DISCUSSION AND RECOMMENDATIONS
A notable limitation of the quantitative component of this study is that no benchmark by which to measure improvement or progress toward success exists. This raises two important points. First, this study demonstrates the value of assessing system performance, which can provide vital benchmarks and opportunities from which to learn. Second, it highlights the utility and importance of using qualitative data to inform quantitative data. In this study, qualitative data incorporate indispensable local and institutional knowledge that help to explain quantitative data results. This speaks to the value of using both qualitative and quantitative data to more robustly and comprehensively review system performance.

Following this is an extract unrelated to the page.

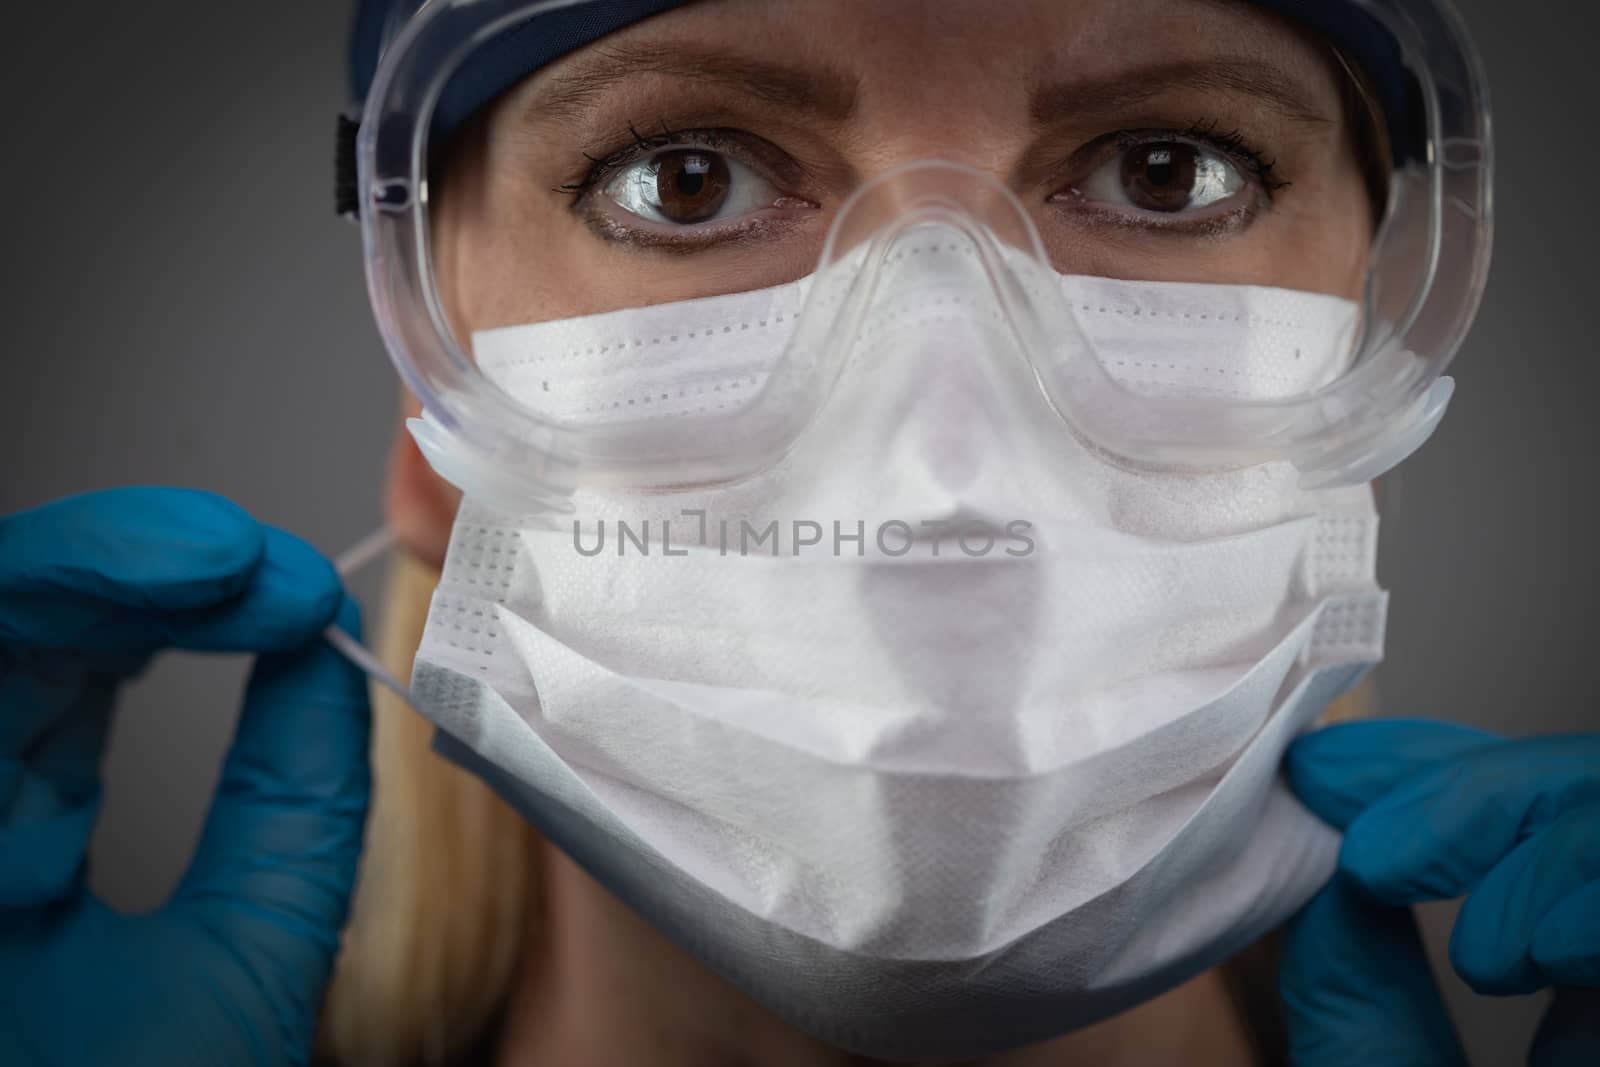 Female Medical Worker Wearing Protective Face Mask and Gear Against Dark Background. by Feverpitched

In this study, qualitative interviews reveal that the characteristics stakeholders think are vital to the successful management of water resources corroborate the CPR principles for institutional success established to date. Directly asking stakeholders about the components of successful water resource management yielded results similar to principles previously derived from field observations, laboratory experiments, and extensive literature reviews (Ostrom 1990, Baland and Platteau 1996, Wade 1998, Agrawal 2001, Pomeroy and McConney 2007). This is an interesting and notable finding given that the majority of stakeholders interviewed have little knowledge of such principles, which are largely written about in academic literature. Further, this research shows that success characteristics established to date based on small-scale ecologies and institutions (Dietz et al. 2003) appear to also be applicable at larger, more complex scales, i.e., they are applicable to Nebraska’s water management institutions.
In using these principles to qualitatively and quantitatively assess how well Nebraska’s water management institutions are working within the overappropriated portion of the PRB, this research reveals that as a whole, the current system is working relatively well. Interview data and survey data showed similar trends in responses for many of the success criteria, including an ability to influence rules, clearly defined water-use rules, flexibility, integration, and local control. However, notable differences in views between interview and survey responses were seen for equity, funding, knowledge, leadership, proactive planning, and trust. Differences in views between the interviews and survey results are likely attributable to the populations for which the data are representative; interview data represent the wide diversity of stakeholder views within the PRB, whereas quantitative survey data represent only surface water and groundwater right holders within the basin.
Stakeholders generally feel that the biggest challenges faced by the current management system are related to their ability to influence water-use rules, equity, funding, knowledge, leadership, proactive planning, and trust. However, although interviewees recognized that there are definite challenges to overcome, there was general agreement that integrated management planning is moving the state closer to success. To remain on this path toward success, we recommend the following opportunities for continued improvement: (1) ensure all stakeholder interests are represented, (2) provide increased opportunities to participate, and (3) work toward more holistic and proactive water management, particularly through Integrated Management Planning.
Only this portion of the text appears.